One thing that has come out of Covid-19, the lockdown, and the huge increase in the numbers of people being forced to stay indoors and work from home is that we are beginning to see the value of the technology we possess.

This is most obvious in the way we use it as a means to link us to the outside world. Parents who once anxiously wondered whether their kids were spending too much time on their phones are now appreciative of how they allow them to engage with their friends. Families are able to see and talk to each other on video despite being stuck in houses miles away from each other.

It’s interesting to point out, however, that while the circumstances seem tailor-made for online shopping, with so many outlets shuttered for weeks, people are still going to supermarkets to stock up on essentials, possibly because of a need for some human interaction (however dispersed) or as another excuse to get out of the house beyond their one period of daily exercise.

Perhaps they have also been put off by the long lead times cited by many online delivery services in the early days of the lockdown or by the complications added to the delivery process by the virus and the precautions needed to be taken against it.

But despite the difficulties with orders, early concerns over the ability of the broadband networks to handle a predicted upsurge in traffic from the swollen ranks of those confined at home seem to have abated. Technology has, for the most part, not been found wanting. Life goes on, albeit in a truncated fashion.

But looking at the world around me through the TV screen, my smartphone or laptop, I can’t help wondering if the virus and its consequences are helping us to get a clearer view of just how much technology we really need.

So much of the marketing we lived through during normal times seemed designed to make organisations, businesses and people believe that they were suffering from not enough technology (NET). The implied message was that all they needed to make things better was to invest in this technology, that service or that phone – ad infinitum.

One thing very few customers were ever accused of was having excessive technology (ET) even though there were probably quite a few that did but, to be fair, they probably thought of it as “future-proofing”.

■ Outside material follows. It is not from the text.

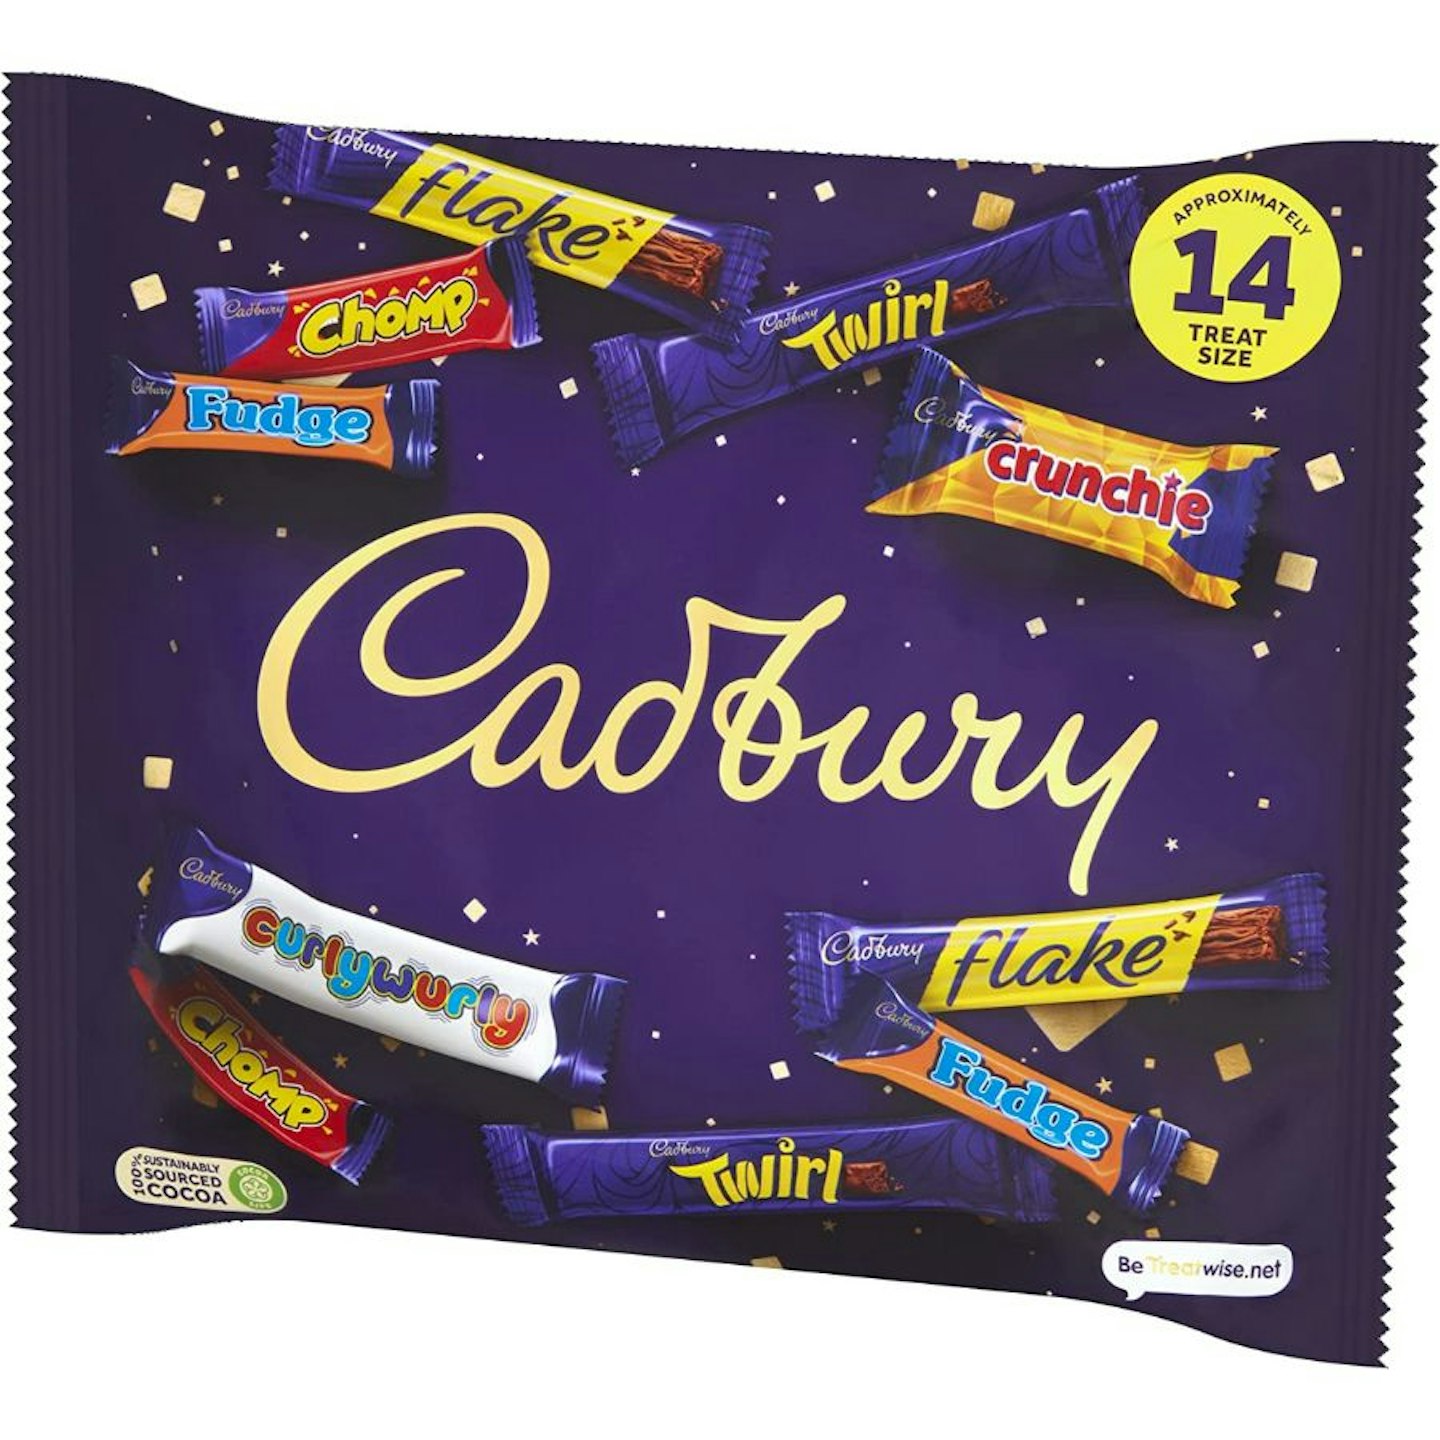 Cadbury Family Heroes Treat size Chocolate Bars Multipack

In the absence of any major IT disasters, failure or outages in this unprecedented period of disruption to our normal lives and patterns, I have to wonder if the blunt truth is that, despite all the urging to replace this and migrate to that, the vast majority of organisations, businesses and people have been blessed with good enough technology (GET) all along. After all, if a global pandemic isn’t a strong enough test for the capability of your technology, I’m not sure what is.

So far – touch screen – it seems to be doing a remarkably good job for very many of us. When this is over, we may see a resumption of the relentless cycle of upgrade/migrate, but it will be tempered by the economic situation which greets us when the lockdown has ended.

It might not be possible to restart the treadmill of consumption that has been temporarily suspended for the past few weeks or it may only work at a much slower speed. A lot of things that we assumed and accepted as orthodoxy could come under renewed scrutiny when this is over.

To quote Bob Dylan’s Oscar-winning song: “I used to care, but things have changed.”